● TASK DATA:
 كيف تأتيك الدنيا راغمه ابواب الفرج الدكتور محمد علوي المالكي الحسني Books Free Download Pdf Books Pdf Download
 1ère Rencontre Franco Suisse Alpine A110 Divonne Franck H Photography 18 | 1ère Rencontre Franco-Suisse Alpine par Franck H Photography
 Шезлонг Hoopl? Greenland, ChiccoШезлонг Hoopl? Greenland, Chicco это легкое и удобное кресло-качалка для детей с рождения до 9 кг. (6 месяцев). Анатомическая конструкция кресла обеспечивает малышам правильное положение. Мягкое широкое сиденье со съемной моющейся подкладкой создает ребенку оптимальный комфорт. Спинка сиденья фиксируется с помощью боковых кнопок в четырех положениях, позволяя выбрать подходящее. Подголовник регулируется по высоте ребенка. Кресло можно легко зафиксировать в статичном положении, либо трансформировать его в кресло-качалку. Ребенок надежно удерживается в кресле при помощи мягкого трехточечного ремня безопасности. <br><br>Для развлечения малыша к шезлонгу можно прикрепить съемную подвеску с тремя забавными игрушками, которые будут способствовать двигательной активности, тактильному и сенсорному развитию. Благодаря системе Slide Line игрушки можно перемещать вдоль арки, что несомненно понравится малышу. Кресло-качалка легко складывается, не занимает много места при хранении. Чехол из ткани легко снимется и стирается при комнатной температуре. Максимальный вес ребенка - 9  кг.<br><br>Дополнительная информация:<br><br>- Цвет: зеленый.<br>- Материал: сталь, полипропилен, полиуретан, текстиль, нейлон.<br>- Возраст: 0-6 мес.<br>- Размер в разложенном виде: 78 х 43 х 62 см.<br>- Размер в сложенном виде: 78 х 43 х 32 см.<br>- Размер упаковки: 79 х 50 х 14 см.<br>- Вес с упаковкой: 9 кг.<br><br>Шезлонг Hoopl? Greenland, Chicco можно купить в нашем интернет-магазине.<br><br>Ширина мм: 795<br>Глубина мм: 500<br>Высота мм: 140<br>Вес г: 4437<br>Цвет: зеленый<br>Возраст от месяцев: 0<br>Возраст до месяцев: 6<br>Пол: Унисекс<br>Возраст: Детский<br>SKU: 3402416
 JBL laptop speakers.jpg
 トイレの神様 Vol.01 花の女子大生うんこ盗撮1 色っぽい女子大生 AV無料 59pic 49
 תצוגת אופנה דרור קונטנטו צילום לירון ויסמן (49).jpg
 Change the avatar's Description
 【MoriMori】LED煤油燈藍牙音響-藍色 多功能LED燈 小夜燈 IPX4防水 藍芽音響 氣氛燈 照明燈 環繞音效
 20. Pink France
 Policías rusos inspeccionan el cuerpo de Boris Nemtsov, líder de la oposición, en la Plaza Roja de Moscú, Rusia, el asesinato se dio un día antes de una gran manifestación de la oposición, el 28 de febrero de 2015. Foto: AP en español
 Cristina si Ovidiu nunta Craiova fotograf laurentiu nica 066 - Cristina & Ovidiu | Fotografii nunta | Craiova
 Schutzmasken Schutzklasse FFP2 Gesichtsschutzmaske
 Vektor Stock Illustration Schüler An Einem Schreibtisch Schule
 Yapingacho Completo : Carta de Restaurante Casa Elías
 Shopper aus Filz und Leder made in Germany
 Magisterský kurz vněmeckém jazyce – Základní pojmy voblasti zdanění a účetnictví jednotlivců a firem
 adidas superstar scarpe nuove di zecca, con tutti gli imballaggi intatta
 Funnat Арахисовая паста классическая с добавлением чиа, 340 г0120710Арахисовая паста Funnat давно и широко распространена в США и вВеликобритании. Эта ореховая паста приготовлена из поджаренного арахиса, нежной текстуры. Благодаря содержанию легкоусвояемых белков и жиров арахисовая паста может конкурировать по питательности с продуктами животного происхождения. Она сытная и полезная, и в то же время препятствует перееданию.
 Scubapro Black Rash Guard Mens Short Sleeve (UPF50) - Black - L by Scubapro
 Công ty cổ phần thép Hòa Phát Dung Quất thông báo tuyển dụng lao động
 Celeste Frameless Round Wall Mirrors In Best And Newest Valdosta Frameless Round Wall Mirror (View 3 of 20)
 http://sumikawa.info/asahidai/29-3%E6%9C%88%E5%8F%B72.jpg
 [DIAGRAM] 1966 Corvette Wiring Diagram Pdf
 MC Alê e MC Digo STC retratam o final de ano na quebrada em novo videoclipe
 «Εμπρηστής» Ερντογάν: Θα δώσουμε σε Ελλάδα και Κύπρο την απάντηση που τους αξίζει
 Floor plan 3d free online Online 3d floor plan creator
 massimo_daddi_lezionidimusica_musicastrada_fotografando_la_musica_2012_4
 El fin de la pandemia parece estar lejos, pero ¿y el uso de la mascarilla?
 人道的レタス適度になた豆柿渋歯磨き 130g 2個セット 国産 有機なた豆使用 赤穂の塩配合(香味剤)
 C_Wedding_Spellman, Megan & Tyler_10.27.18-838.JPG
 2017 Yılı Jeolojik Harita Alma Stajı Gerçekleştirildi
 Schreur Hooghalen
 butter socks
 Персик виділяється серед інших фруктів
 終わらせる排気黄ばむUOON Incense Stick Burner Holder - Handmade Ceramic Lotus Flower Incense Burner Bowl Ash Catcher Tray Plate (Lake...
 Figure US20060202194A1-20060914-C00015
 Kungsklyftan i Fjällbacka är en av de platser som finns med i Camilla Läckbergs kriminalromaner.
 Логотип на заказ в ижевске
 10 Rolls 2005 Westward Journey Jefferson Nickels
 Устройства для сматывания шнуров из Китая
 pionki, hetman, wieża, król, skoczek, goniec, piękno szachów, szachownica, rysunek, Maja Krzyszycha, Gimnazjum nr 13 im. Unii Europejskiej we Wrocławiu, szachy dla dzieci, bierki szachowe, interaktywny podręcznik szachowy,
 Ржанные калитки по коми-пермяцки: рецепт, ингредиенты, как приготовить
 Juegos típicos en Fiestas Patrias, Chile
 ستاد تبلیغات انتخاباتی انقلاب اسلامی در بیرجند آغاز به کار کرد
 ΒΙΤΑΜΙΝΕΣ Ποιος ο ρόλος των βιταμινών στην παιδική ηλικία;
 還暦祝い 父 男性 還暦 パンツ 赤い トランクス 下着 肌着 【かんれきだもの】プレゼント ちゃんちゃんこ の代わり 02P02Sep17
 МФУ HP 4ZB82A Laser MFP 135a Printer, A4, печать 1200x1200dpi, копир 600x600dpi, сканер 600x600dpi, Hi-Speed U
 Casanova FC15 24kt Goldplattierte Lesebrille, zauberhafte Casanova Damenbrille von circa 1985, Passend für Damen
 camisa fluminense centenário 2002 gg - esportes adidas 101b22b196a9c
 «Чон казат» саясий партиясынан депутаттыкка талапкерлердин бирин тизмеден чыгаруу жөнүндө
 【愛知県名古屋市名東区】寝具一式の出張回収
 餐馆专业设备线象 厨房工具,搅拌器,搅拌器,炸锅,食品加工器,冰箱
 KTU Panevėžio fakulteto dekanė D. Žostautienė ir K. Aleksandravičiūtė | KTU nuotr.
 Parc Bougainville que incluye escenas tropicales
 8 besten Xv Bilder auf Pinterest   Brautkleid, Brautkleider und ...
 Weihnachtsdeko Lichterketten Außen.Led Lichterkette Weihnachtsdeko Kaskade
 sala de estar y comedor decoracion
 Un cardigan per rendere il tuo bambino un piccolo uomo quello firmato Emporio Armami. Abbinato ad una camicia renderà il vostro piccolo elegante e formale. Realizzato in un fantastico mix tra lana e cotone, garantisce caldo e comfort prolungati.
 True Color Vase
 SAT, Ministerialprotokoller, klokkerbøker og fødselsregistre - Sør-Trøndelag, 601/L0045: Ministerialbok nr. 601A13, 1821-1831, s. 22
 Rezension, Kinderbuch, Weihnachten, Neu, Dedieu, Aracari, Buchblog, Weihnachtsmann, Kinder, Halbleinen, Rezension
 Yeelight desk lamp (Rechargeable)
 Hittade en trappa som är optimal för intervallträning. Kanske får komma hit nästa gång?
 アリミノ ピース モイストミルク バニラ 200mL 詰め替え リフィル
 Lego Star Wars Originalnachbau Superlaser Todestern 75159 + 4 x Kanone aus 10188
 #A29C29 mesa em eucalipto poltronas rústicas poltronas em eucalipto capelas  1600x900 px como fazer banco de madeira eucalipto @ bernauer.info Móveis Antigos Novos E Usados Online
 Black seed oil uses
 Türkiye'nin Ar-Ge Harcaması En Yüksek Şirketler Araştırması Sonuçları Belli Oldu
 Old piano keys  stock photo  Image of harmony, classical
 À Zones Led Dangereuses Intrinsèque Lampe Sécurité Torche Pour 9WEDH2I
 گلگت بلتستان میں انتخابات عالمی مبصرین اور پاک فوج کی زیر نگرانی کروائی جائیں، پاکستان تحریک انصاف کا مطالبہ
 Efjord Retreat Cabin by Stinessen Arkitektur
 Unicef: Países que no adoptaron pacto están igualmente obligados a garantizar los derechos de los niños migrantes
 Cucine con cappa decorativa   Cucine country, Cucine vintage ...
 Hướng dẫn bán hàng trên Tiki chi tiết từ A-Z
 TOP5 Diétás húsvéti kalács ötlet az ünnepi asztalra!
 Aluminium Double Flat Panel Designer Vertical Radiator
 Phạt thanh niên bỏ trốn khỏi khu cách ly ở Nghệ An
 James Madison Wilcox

● WHAT THE TASK ASKS:
Reproduce the lines of the records exactly, from the first one through the line that contains "1ère Rencontre Franco Suisse".

● RESPONSE:
 كيف تأتيك الدنيا راغمه ابواب الفرج الدكتور محمد علوي المالكي الحسني Books Free Download Pdf Books Pdf Download
 1ère Rencontre Franco Suisse Alpine A110 Divonne Franck H Photography 18 | 1ère Rencontre Franco-Suisse Alpine par Franck H Photography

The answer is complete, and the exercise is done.